Furthermore, the single-fiber ultra-high precision time transmission method of the invention carries out repeated measurement for many times in a short time and compensates and filters the jitter noise introduced in the optical fiber transmission process, and comprises the steps of accurately measuring the optical fiber time delay value and the variation value thereof between the master time synchronization equipment and the slave time synchronization equipment, then compensating, and carrying out more than 80 times of measurement in 1 second.
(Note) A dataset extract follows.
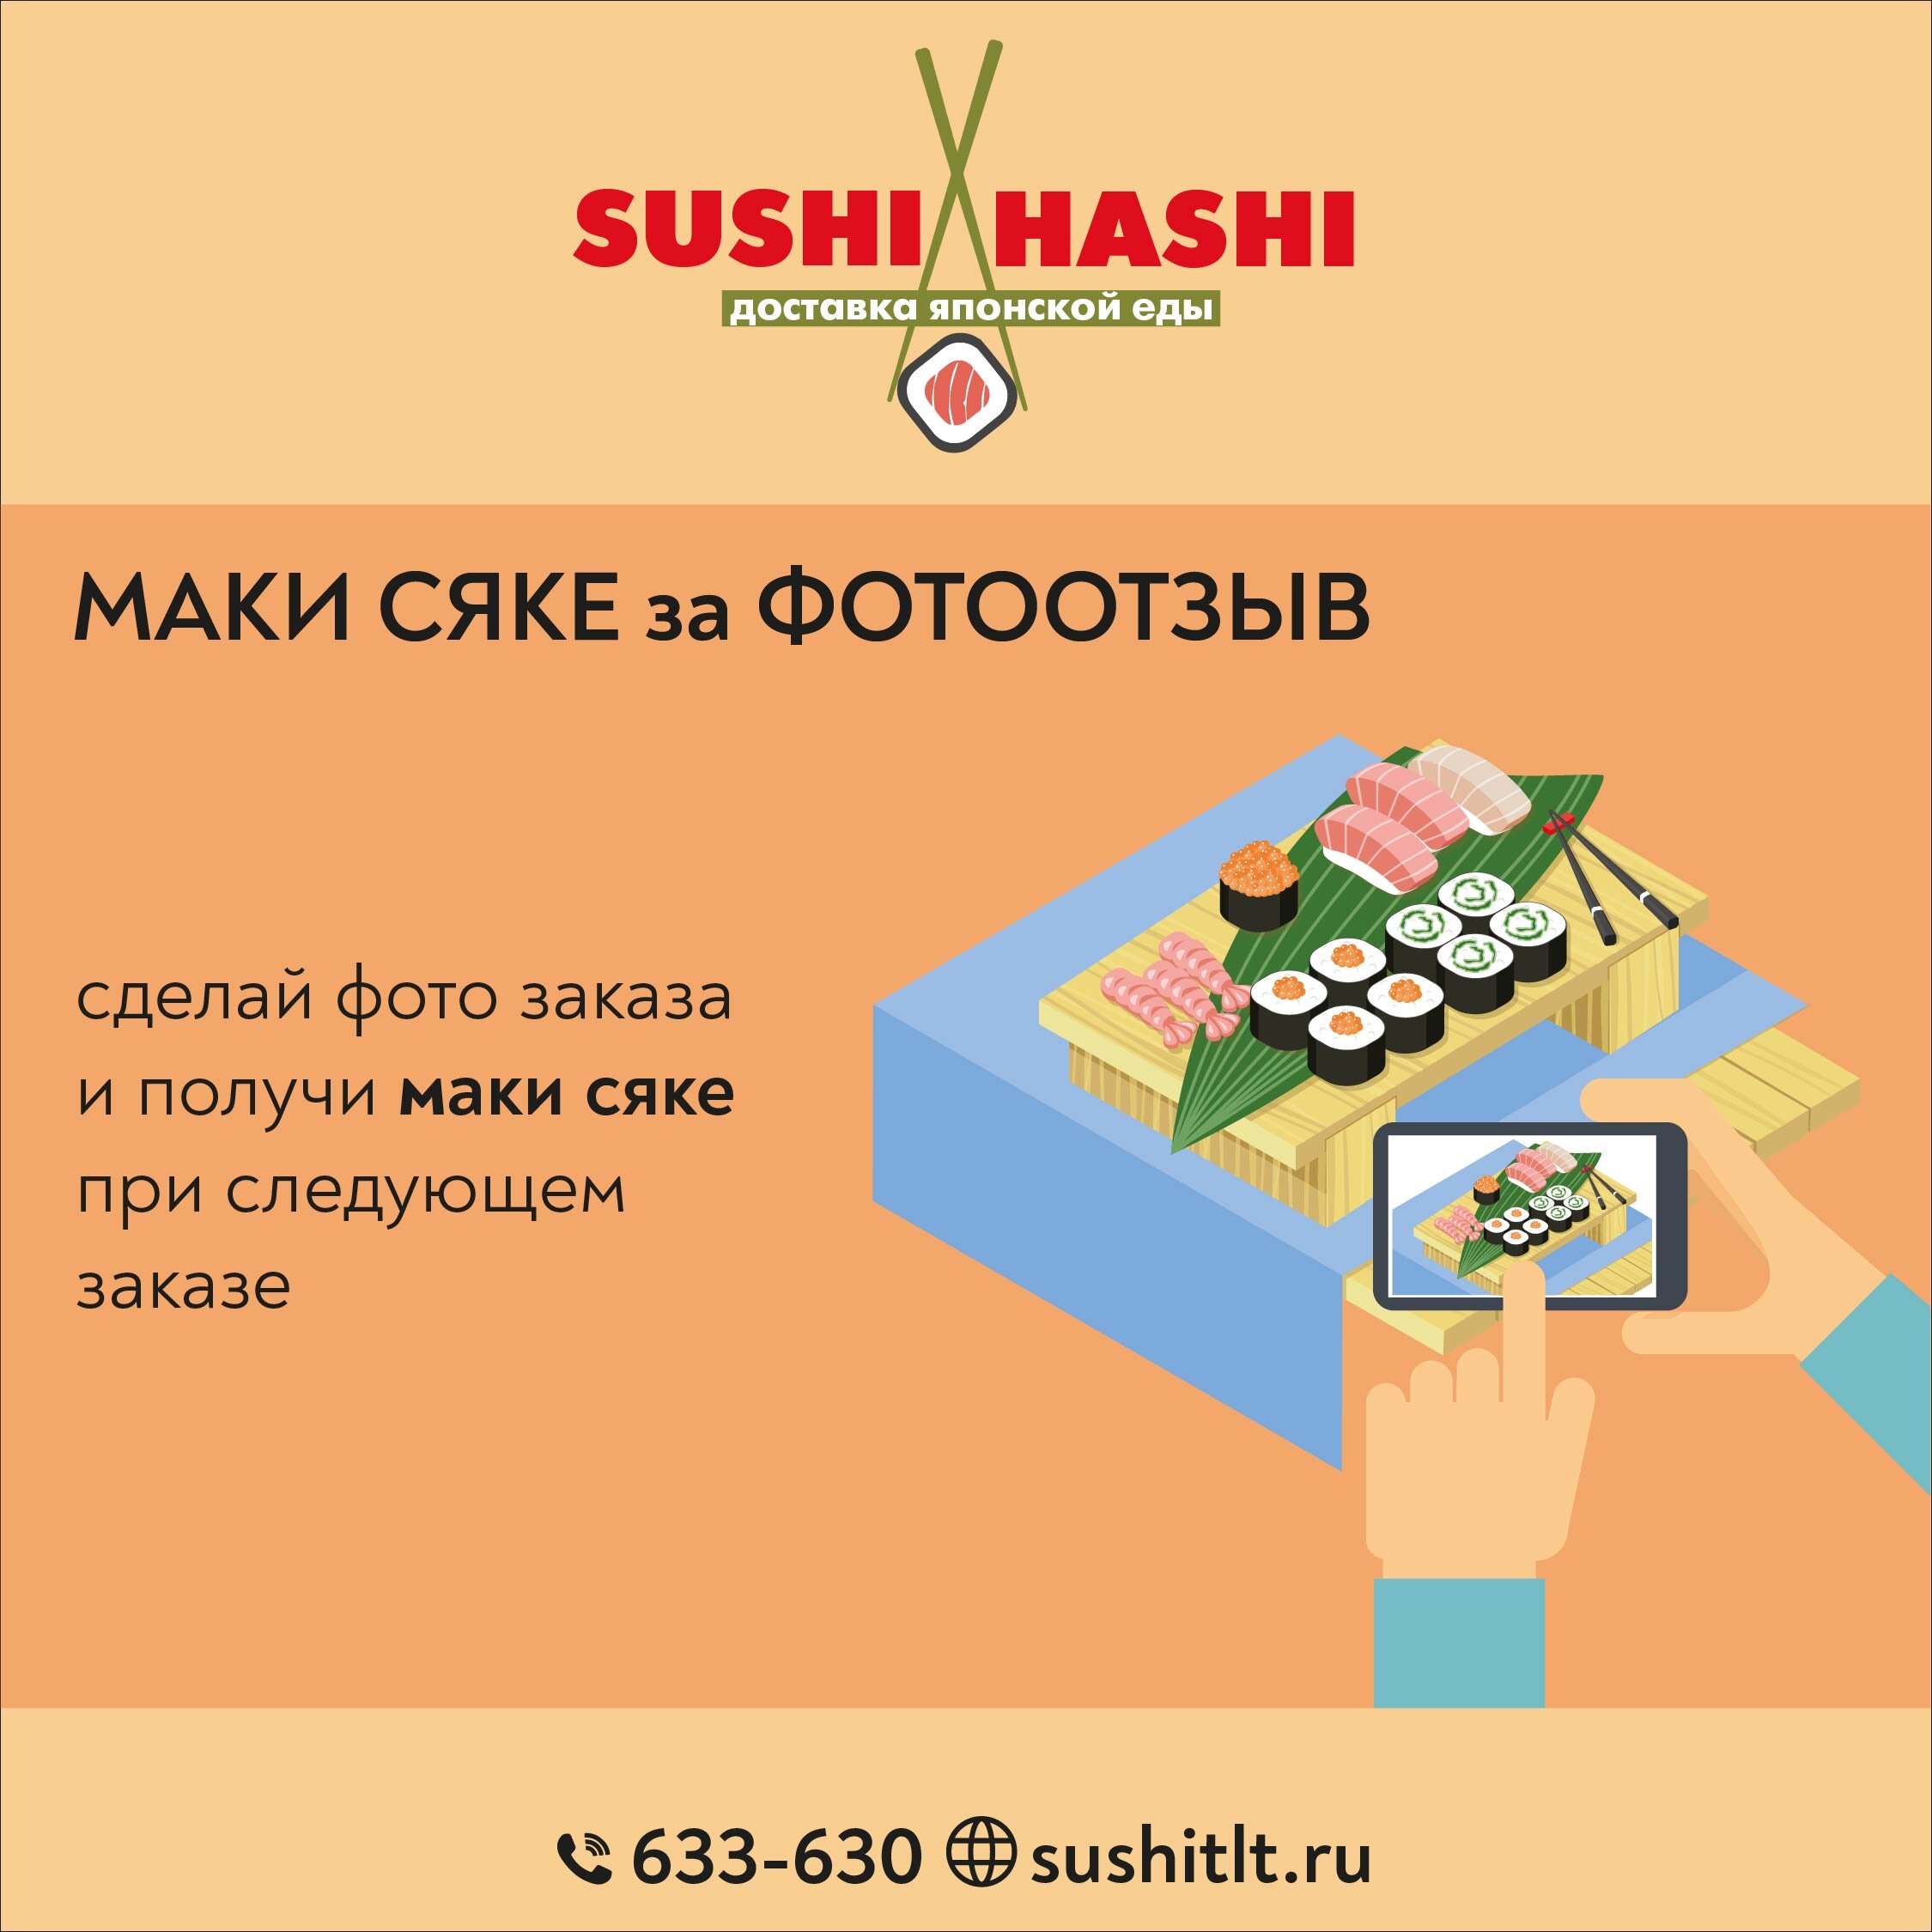 Отзыв о доставки суши в орле фото 47

Furthermore, the single-fiber ultra-high precision time transmission method removes the time delay deviation generated by temperature and aging through discontinuous total time delay test, comprises the steps of accurately measuring the optical fiber time delay value and the change value between the master time synchronization equipment and the slave time synchronization equipment and then compensating, wherein the interval time is more than 500 seconds.
Furthermore, the single-fiber ultra-high precision time transmission method connects the master station and more than two slave stations pairwise to form a ring network, and adds a routing algorithm in the routing setting to enable the time synchronization information source to select the shortest path and set a direct route; the master station comprises master time synchronization equipment, a time delay processing module and a single-fiber bidirectional optical transceiver module, the slave station comprises slave time synchronization equipment, a time delay processing module and a single-fiber bidirectional optical transceiver module, and the direct route is that intermediate equipment between the master station and the slave station is set to be only used for realizing direct connection of light, electricity and light.
Furthermore, the single-fiber ultra-high precision time transmission method of the invention connects the master station and more than two slave stations in series to form a chain network, and adds a routing algorithm in the routing setting to enable the time synchronization information source to select the master station and set a direct route; the master station comprises master time synchronization equipment, a time delay processing module and a single-fiber bidirectional optical transceiver module, the slave station comprises slave time synchronization equipment, a time delay processing module and a single-fiber bidirectional optical transceiver module, and the direct route is that intermediate equipment between the master station and the slave station is set to be only used for realizing direct connection of light, electricity and light.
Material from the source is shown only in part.